Finally, we wanted to understand who professors were referring to when they spoke of the “public”? Were they thinking of students? Academics? “Ordinary” citizens? Or some other group entirely?

Consistent with previous research(30) addressing this question, a majority of the academics we spoke with viewed the public as an “other” and, often, a “non-scientific other”. That is, they saw the public as comprised of people not affiliated with the university and not already familiar with their research. This envisioning of the public aligns well with the so-called deficit model of science communication(31), in which members of the public are seen as passive recipients of academic expertise, rather than active contributors or co-creators of knowledge.

Everyone outside the University excluding our colleagues from other Universities of the same research area.(32)

People who are not affiliated with the university and who are not professionals in my industry (i.e. not students, chemists, etc).(33)

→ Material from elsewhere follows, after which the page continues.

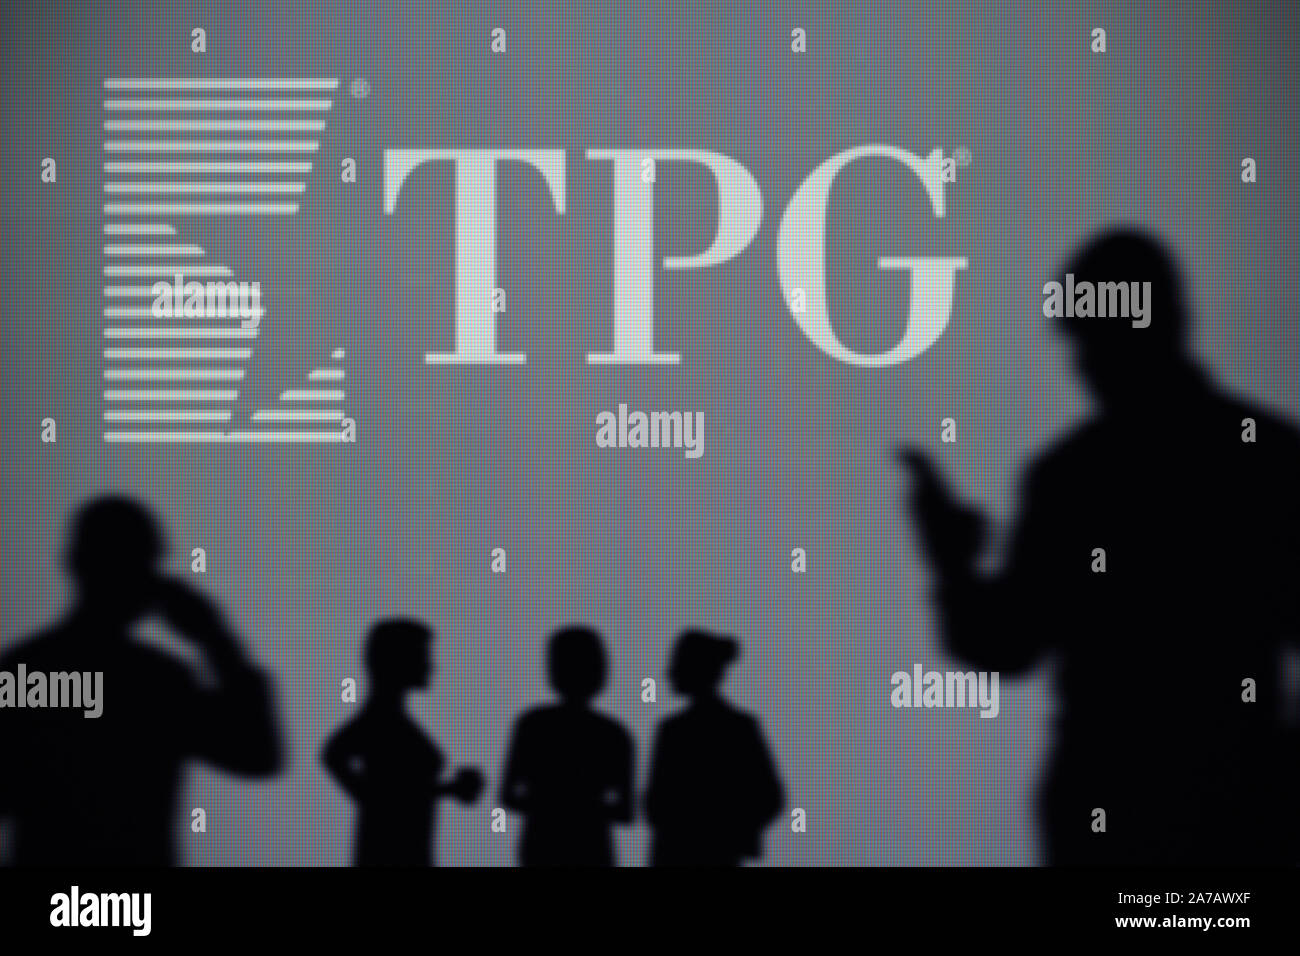 Das TPG Capital Logo ist auf einen LED-Bildschirm im Hintergrund, während eine Silhouette Person ein Smartphone verwendet (nur redaktionelle Nutzung) Stockfoto

Anyone who is not familiar with my research.”(34)

When defining the public, several professors also mentioned specific demographic factors such as age, education level, geographic location, or language. For example, one person saw the public as “Anyone of reading age who isn’t a specialist in my field,” while another felt the public was comprised of “humans in anglophone countries.”

A third subset of professors felt that the idea of a single public was flawed. For example, Dr. Hannah McGregor, an assistant professor in SFU’s publishing program, viewed the term public as “baggy” and preferred to think instead of “specific publics” —distinct  groups of people with unique characteristics.

Finally, a fourth group of professors held a broad-sweeping view of the public, representing all people regardless of age, background, or expertise. Although no professor specifically stated so in their definition, this more inclusive view left open the possibility that academics could themselves be part of the public:

[I see] the ‘general public’ [as] people who deserve to know what we do as scientists and to whom we can contribute by answering questions.(35) 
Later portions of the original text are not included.